Ясно, что наша съ Марѳушей общественная дѣятельность подходитъ къ концу: я тоже больше не могу-просто силъ нѣтъ, до чего мнѣ надоѣли всѣ эти сборы, засѣданья, дамы-патронессы, шитье, нытье и сплетни!
Быть женщиной вообще незавидное счастье, а теперь, въ такое время, это невыносимо! Обиднѣе, глупѣе и безвыходнѣе нашего положенія я не могу себѣ представить. Насъ во всемъ стѣсняютъ, никуда не пускаютъ, отовсюду гонятъ, предоставляя на нашу долю скучную, тяжелую и грязную работу. Если мы просто женщины, т.-е. остались, несмотря на войну, въ своемъ первоначальномъ видѣ, намъ предоставляется въ лучшемъ случаѣ сидѣть и ждать у моря погоды: можно для разнообразія безпокоиться, терзаться и предрѣшать судьбу: ахъ, убитъ... ахъ, раненъ... въ плѣну... пропалъ безъ вѣсти... заболѣлъ... измѣнилъ... а затѣмъ плакать, рыскать по братскимъ могиламъ, хоронить, самимъ умирать съ голода и биться отъ отчаянья головой объ стѣнку.
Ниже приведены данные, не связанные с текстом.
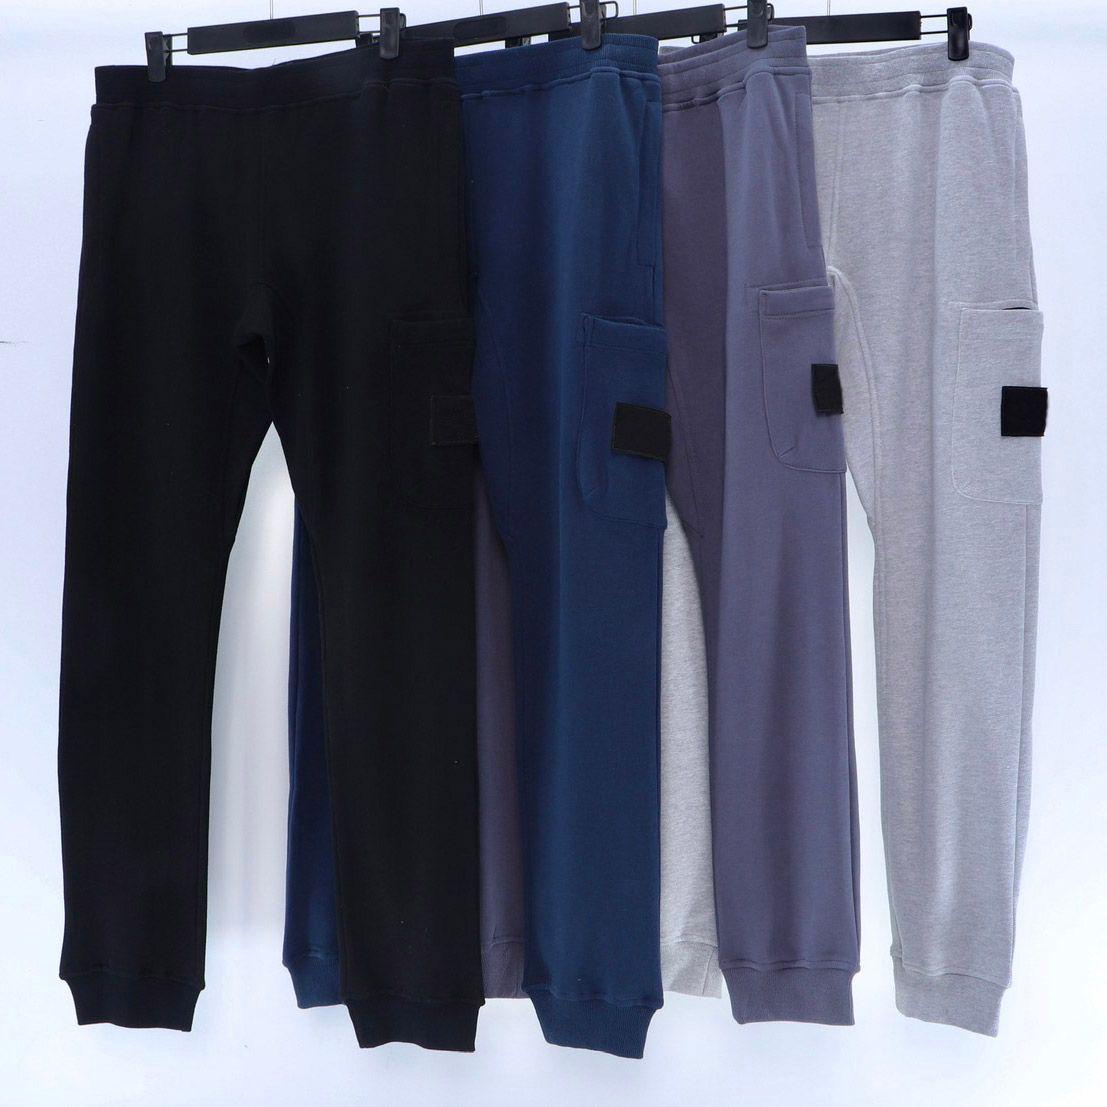 20FW Rozeti Yamalı Erkekler Pantolon Klasik Parça Pantolon Kadınlar Için Erkek Jogger Sweatpants Uzun Pantolon Homme Giyim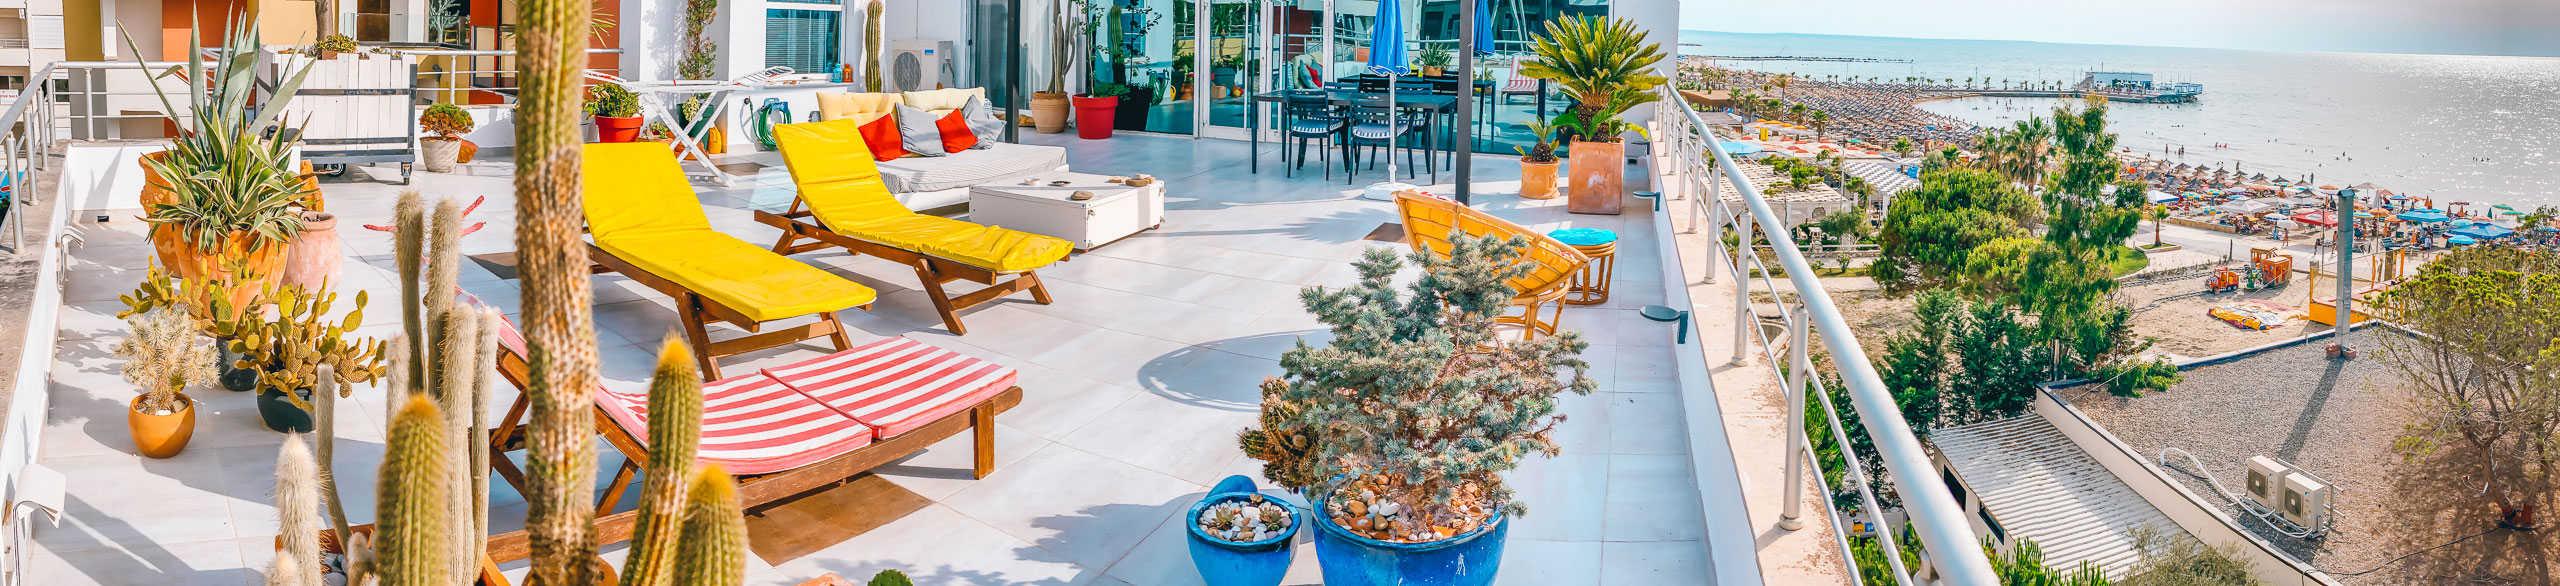 Apartments Bellavista urlop wakacje w Albanii Qerret Kavaje Durrës apartament do wynajęcia olbrzymi taras

Но если мы, Боже упаси, жаждемъ болѣе близкаго. широкаго и активнаго общенія съ войной, то не угодно ли большинству итти въ сестрицы , и тутъ на васъ сейчасъ же обрушиваются всевозможныя непріятности и невзгоды: обидные уставы, безсмысленныя правила, старшія сестры, герметичныя косынки, считающія неприличнымъ даже уши, а въ видѣ компенсаціи— мытье половъ, больныхъ и ночныя дежурства; и все это, замѣтьте, для большинства вдали отъ настоящей жизни, потому что туда , на позиціи, и сестеръ не пускаютъ.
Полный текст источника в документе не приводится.